VI - O Lento Deslaçar
de um Recíproco Ciúme
1 – Olá! Era muito estranho o relacionamento entre o povo
judaico e Deus: para Deus, ele era o seu povo, e, para o povo, ele era o seu
Deus. Foram então, os judeus, “o povo eleito de Deus” (ver texto 225).
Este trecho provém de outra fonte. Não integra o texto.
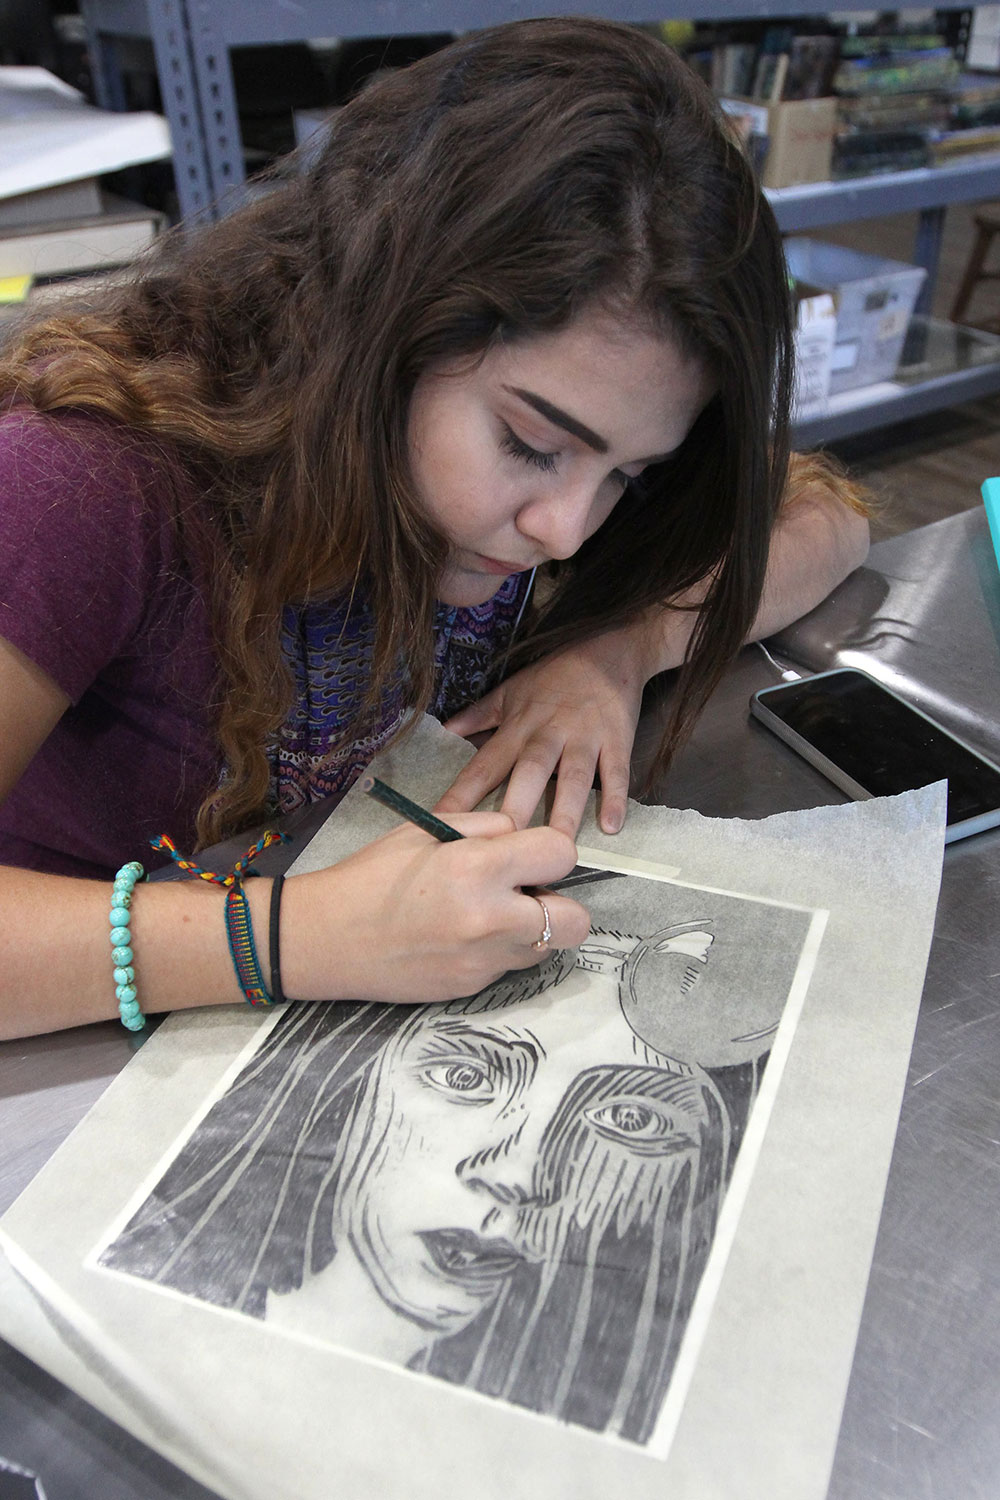 St. Louis art art and design student drawing

Mas não
se poderia dizer também que tal Deus foi o Deus eleito do povo?
Os judeus foram um povo tão peculiarmente religioso, tão
cioso do seu Deus e este Deus tão cioso do seu povo que os dois – o Deus e o povo
– poderiam dizer entre si: “não te quero ver com outros deuses, tu és só meu”,
“Não te quero ver com outros povos, tu és só nosso”. Diz-se na Biblia: “O
Senhor, teu Deus, é um fogo devorador; Ele é um Deus ciumento” (Deut 4,24);
“Quem sacrifica aos deuses será votado ao anátema, excepto se é ao Senhor, e só
a Ele”(Ex 22,19).
Ciumentos entre si, portanto: um Deus ciumento que não quer
que o seu povo tenha outros deuses, e um povo ciumento que não quer que o seu
Deus seja também de (para) outros povos. Este recíproco ciúme terá levado aos
piores horrores perpetrados contra os judeus por muitos outros povos, mas
também por estes contra aqueles.
2 - Por outro lado, e já em jeito de consequência do que fica
dito, não são poucos os passos bíblicos do Antigo Testamento em que Deus ordena
ao seu povo algo como isto: “Quanto às cidades desses outros povos, não deixeis
nada vivo”. Mas também aqui se poderá perguntar: é o próprio Deus que ordena
este extermínio, ou é o povo que concebe este seu Deus a mandar exterminar?
No livro de Josué (cap. 10), o próprio Josué juntamente com o
Senhor seu Deus, em total cumplicidade dos dois numa só causa, um e outro no
mesmo campo de batalha, conquistam e arrasam até ao extermínio muitas cidades
inimigas, ou que simplesmente os dois desejavam conquistar para si próprios:
“Josué subiu (…) com todos os seus valentes guerreiros. O Senhor disse-lhe: Não temas, porque os (os cinco reis dos
amorreus) entregarei nas tuas mãos; nenhum deles te poderá resistir (…) O
Senhor fez desabar sobre eles uma tempestade de granizo (…) e foram mais
numerosos os que morreram sob esta chuva de pedras do que os que pereceram às
mãos dos filhos de Israel. (…) Quando Josué e os israelitas os derrotaram e
massacraram até ao extermínio (…) ninguém mais se atreveu a abrir a boca contra
os filhos de Israel. (…) Depois passou Josué e todo o Israel de Maqueda a
Libna, e atacaram-na. O Senhor entregou-a com o seu rei nas mãos de Israel, que
a passou a fio de espada com tudo o que nela havia, sem deixar escapar ninguém”.
E mais e mais fios de espadas e extermínios se seguiram, em várias cidades,
“votando ao anátema tudo o que respirava, segundo ordem do Senhor, Deus de
Israel”.
3 – Mas também é da Bíblia aquilo que Aslan faz por esquecer,
ou seja, que nela há, sobretudo depois do cativeiro, uma tímida mas crescente
abertura do povo judaico e do seu Deus, aos outros povos. Assim, a par de o rei
Salomão pedir a Deus que atenda a tudo quanto Lhe pedir o estrangeiro que vem
por causa do Seu nome (1Rs 8, 41-43), outras provas há do amor universal de
Deus: “Eu não hei-de compadecer-me da cidade de Ninive?” (Jn 4,11); “O Senhor é
bom para com todos.” (Sl 145,9); “A misericórdia divina estende-se a todo o ser
vivo” (Sir18,13); “Israel será sempre a herança do Senhor, mas o Egipto e a
Assíria também serão seu povo” (Is19,24). Até enfim chegarmos a Jesus, que, no
contexto do amor aos inimigos, diz que só podemos ser filhos do nosso Pai, se o
nosso amor for universal (Mt5,45-48). Agora Deus é Pai, Pai universal.